The localization of Ago2 at SGs, but not at PBs, depends on the presence of short RNAs. (a) Dicer+/+ (Upper) and Dicer−/− (Lower) cells transiently transfected with EGFP-Ago2 were fixed after 24 h and immunolabeled with PB marker Dcp1a. In both cases, EGFP-Ago2 colocalized with PBs (arrows). (b) Upon addition of 1 μM hippuristanol (HIPP), transiently expressed EGFP-Ago2 still colocalized with PB marker Dcp1a in both Dicer+/+ (Top, arrows) and Dicer−/− (Middle and Bottom) cells. However, EGFP-Ago2 no longer colocalized with SG marker TIA1 (arrowheads) in Dicer−/− cells.
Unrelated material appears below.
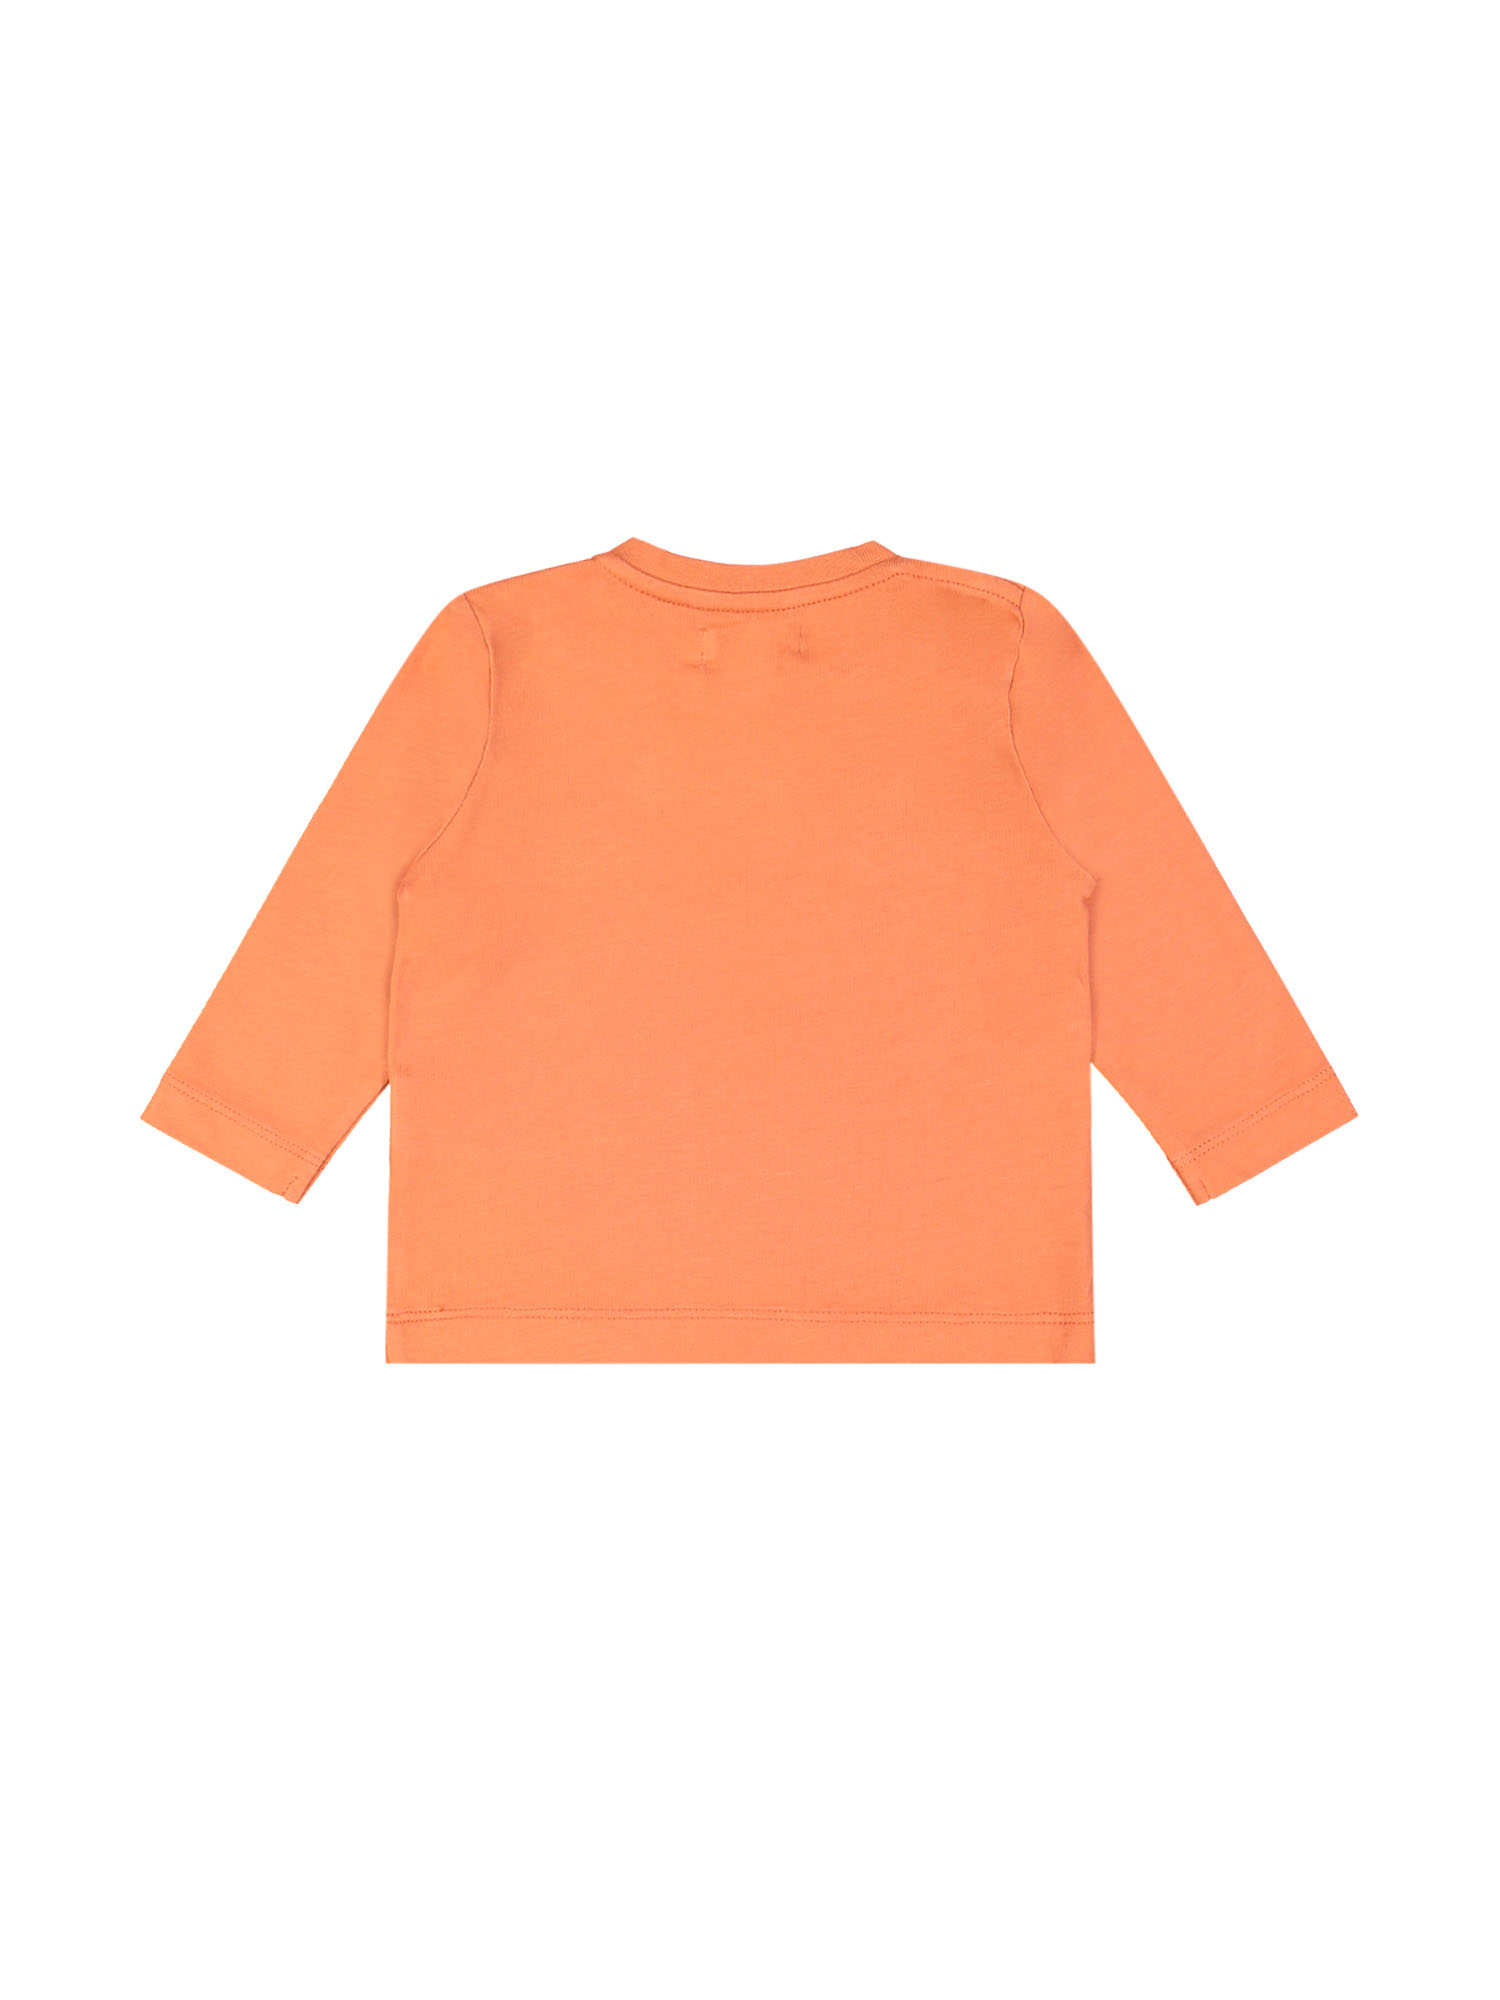 T-shirt mini home alone oranje 03m

Cotransfection of 100 nM of miRNA let7a in the form of siRNA duplex resulted in the localization of EGFP-Ago2 at SGs in Dicer−/− cells (Bottom). (c) The intensities of EGFP-Ago2 at SGs were compared with the cytoplasm in each case, and a histogram was plotted with the percentage of SGs as the y axis, for each relative intensity with an interval of 0.05 difference on the x axis. Correlated with the image data in b, the intensities of EGFP-Ago2 at SGs relative to the cytoplasm were centered at ≈1.0 in Dicer−/− cells, suggesting that there is no enrichment of EGFP-Ago2 at SGs in the absence of short RNAs. (Scale bars, 5 μm.)